===== Exercise data =====
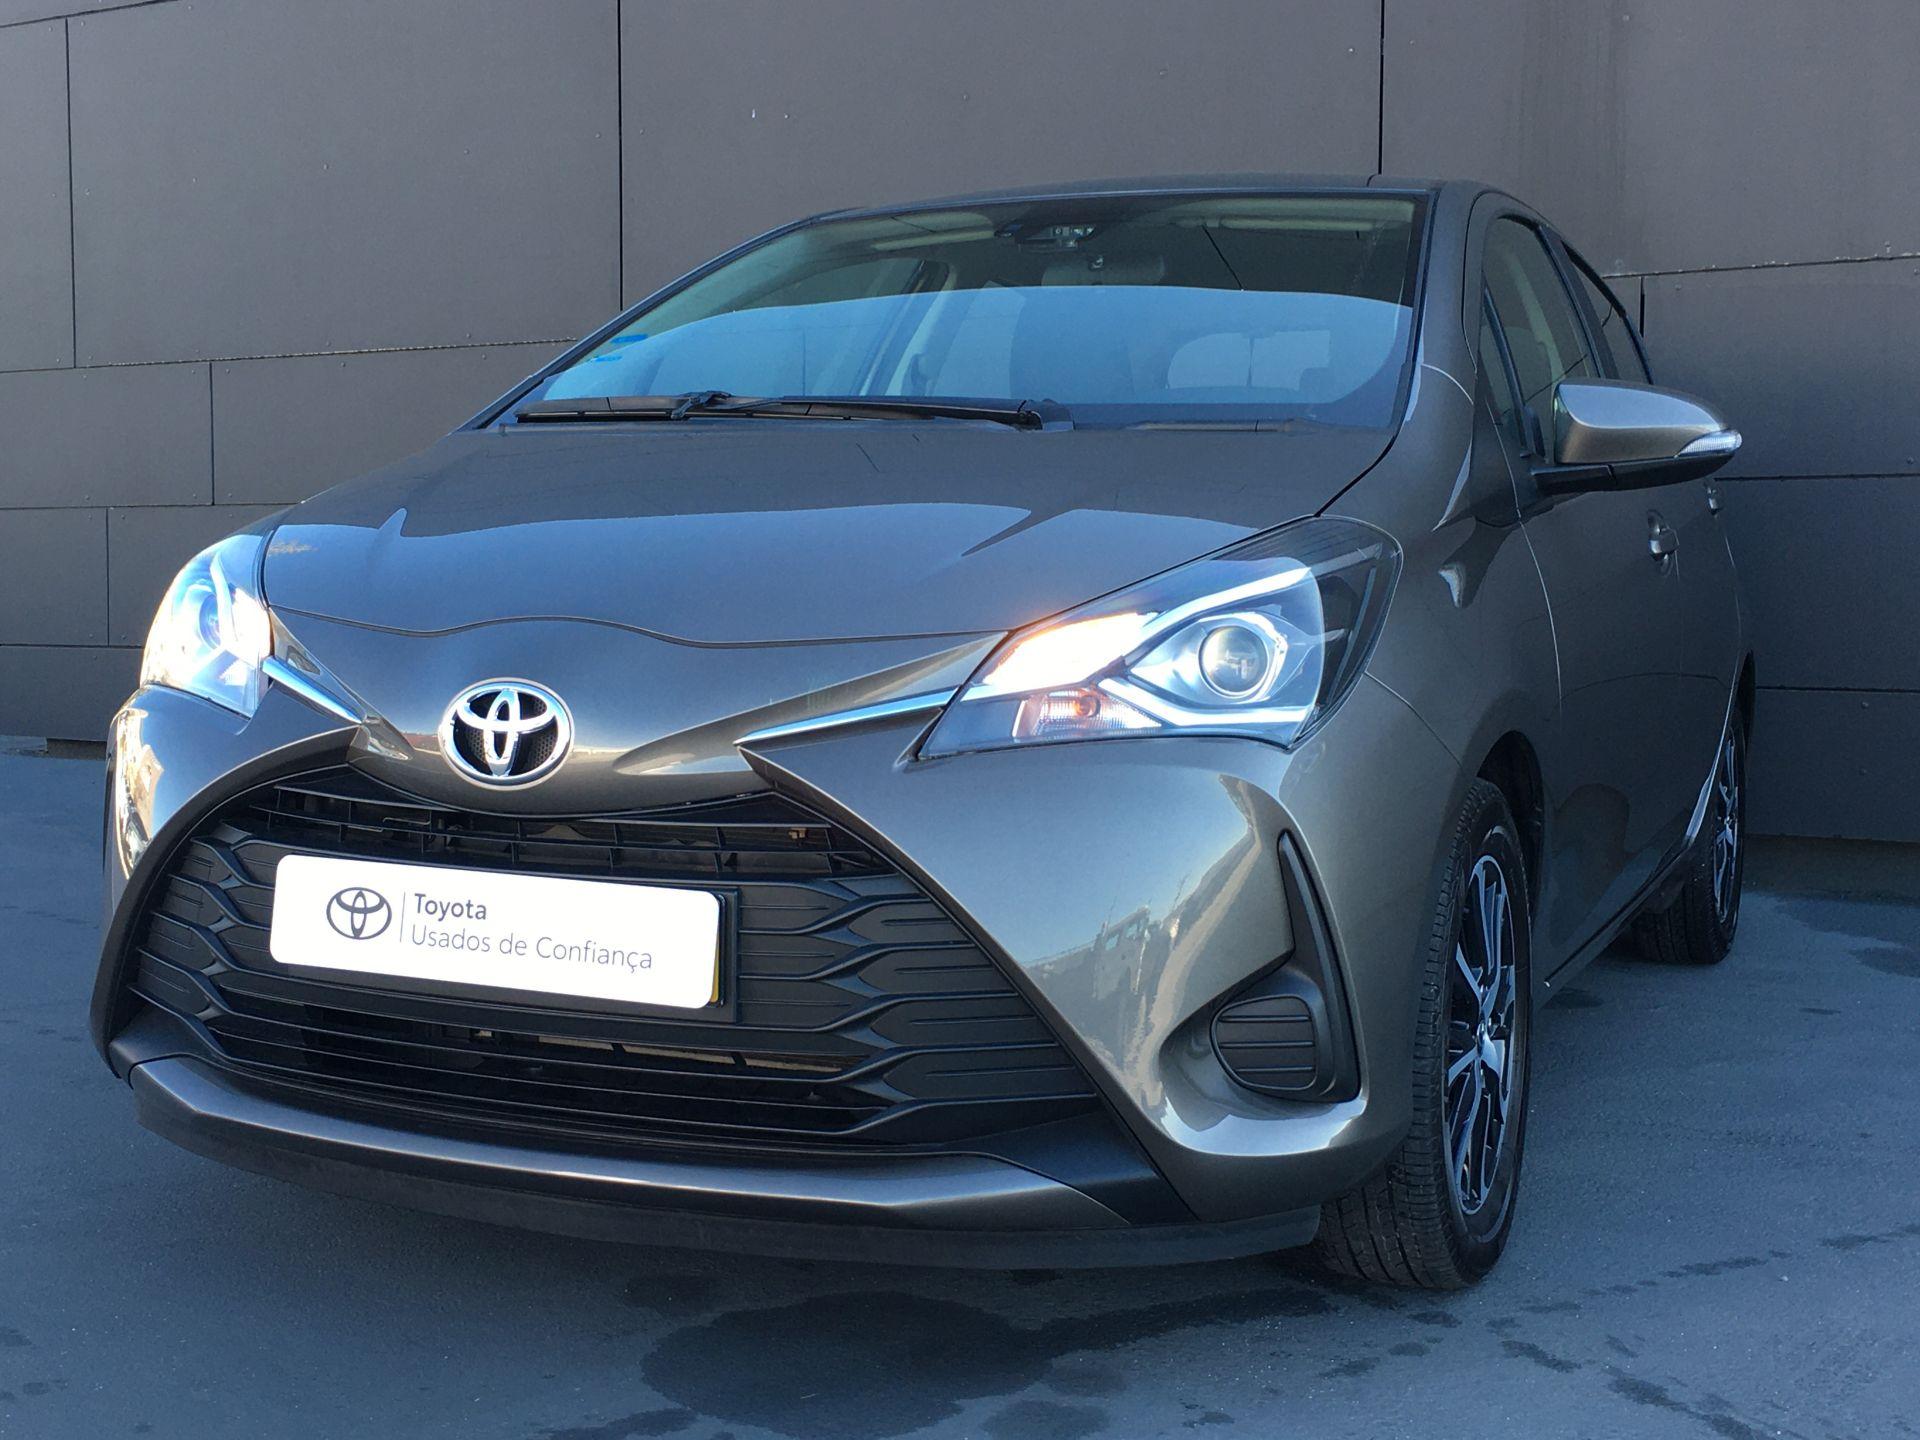 Toyota Yaris Yaris 1.0 5P Comfort usada Faro
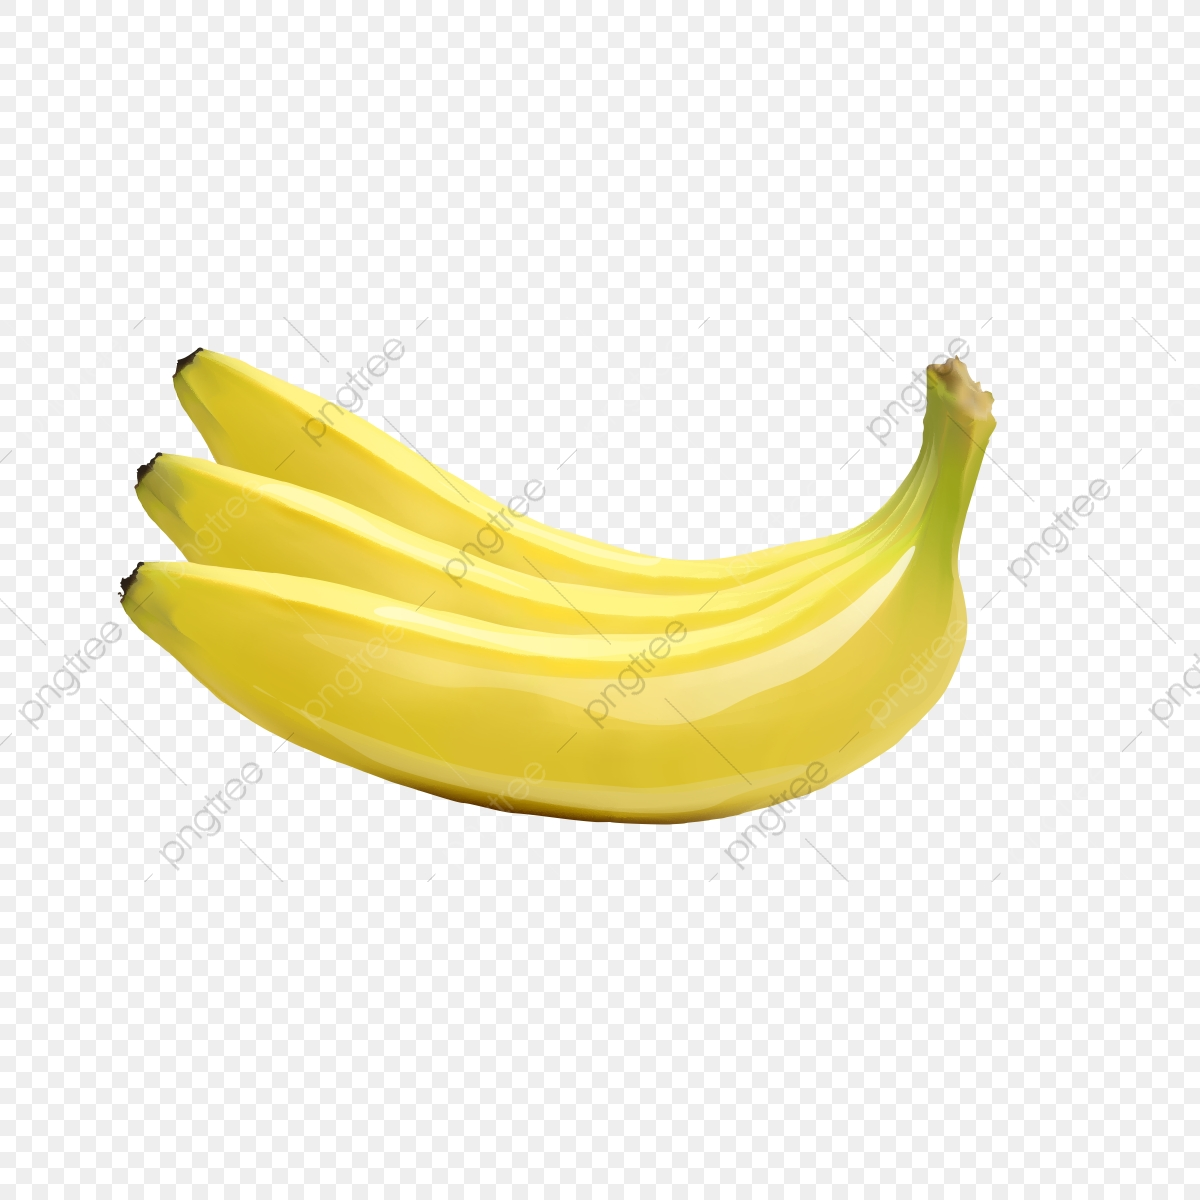 Fruit Drawing Clipart Banana, Fruit, Set Clipart, Exquisite Clipart.
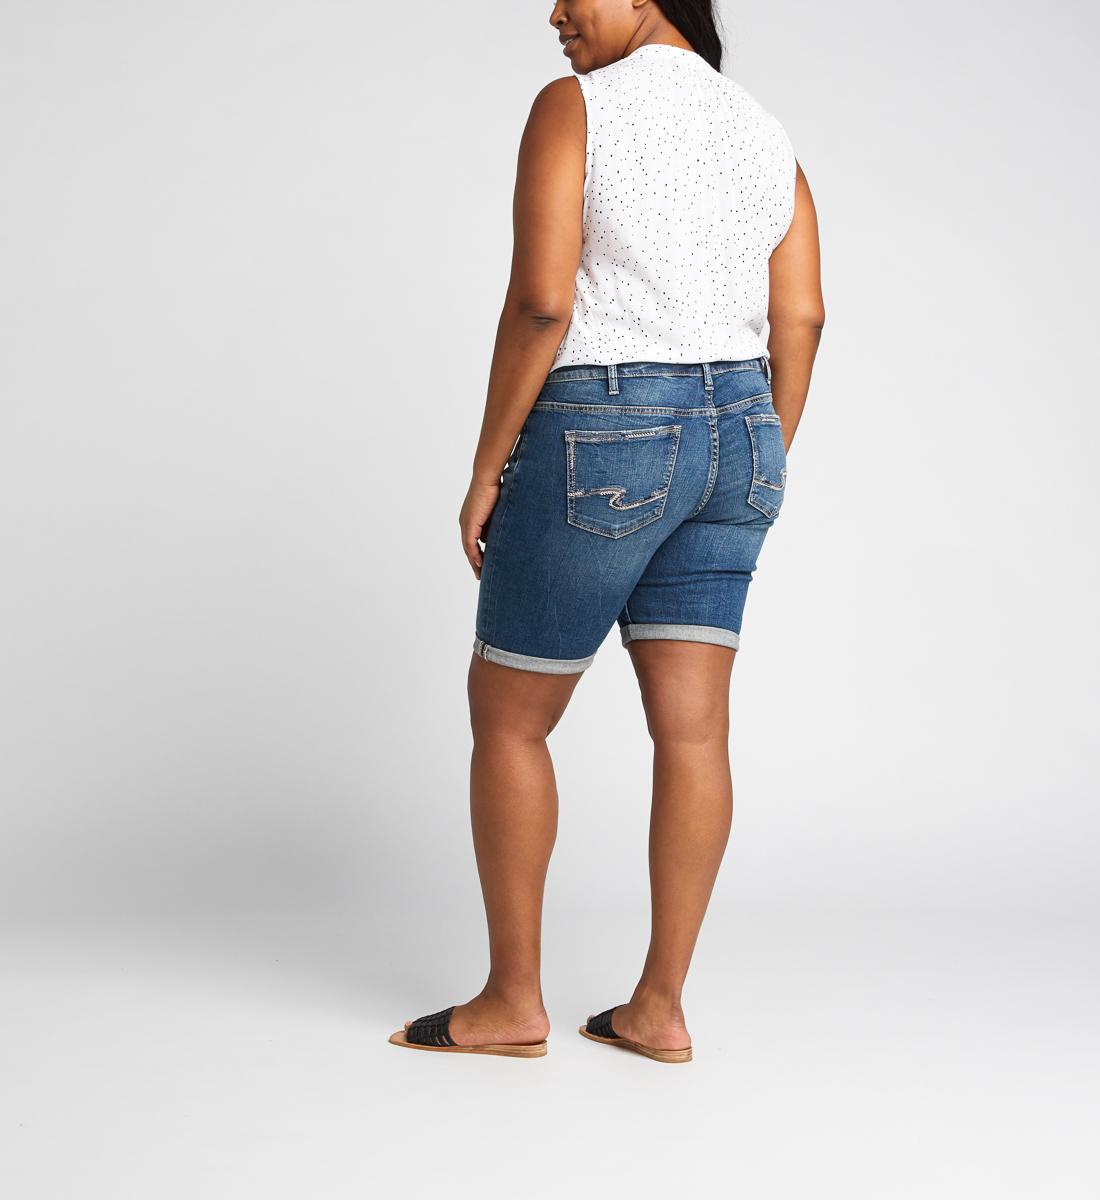 fa8f8d1d95 Elyse Mid Rise Bermuda Short Plus Size - Silver Jeans US
=====
Instructions to follow: An exact copy of the listing above is to be set down, with no pictures in it.

Solution for this exercise:
 Toyota Yaris Yaris 1.0 5P Comfort usada Faro
 Fruit Drawing Clipart Banana, Fruit, Set Clipart, Exquisite Clipart.
 fa8f8d1d95 Elyse Mid Rise Bermuda Short Plus Size - Silver Jeans US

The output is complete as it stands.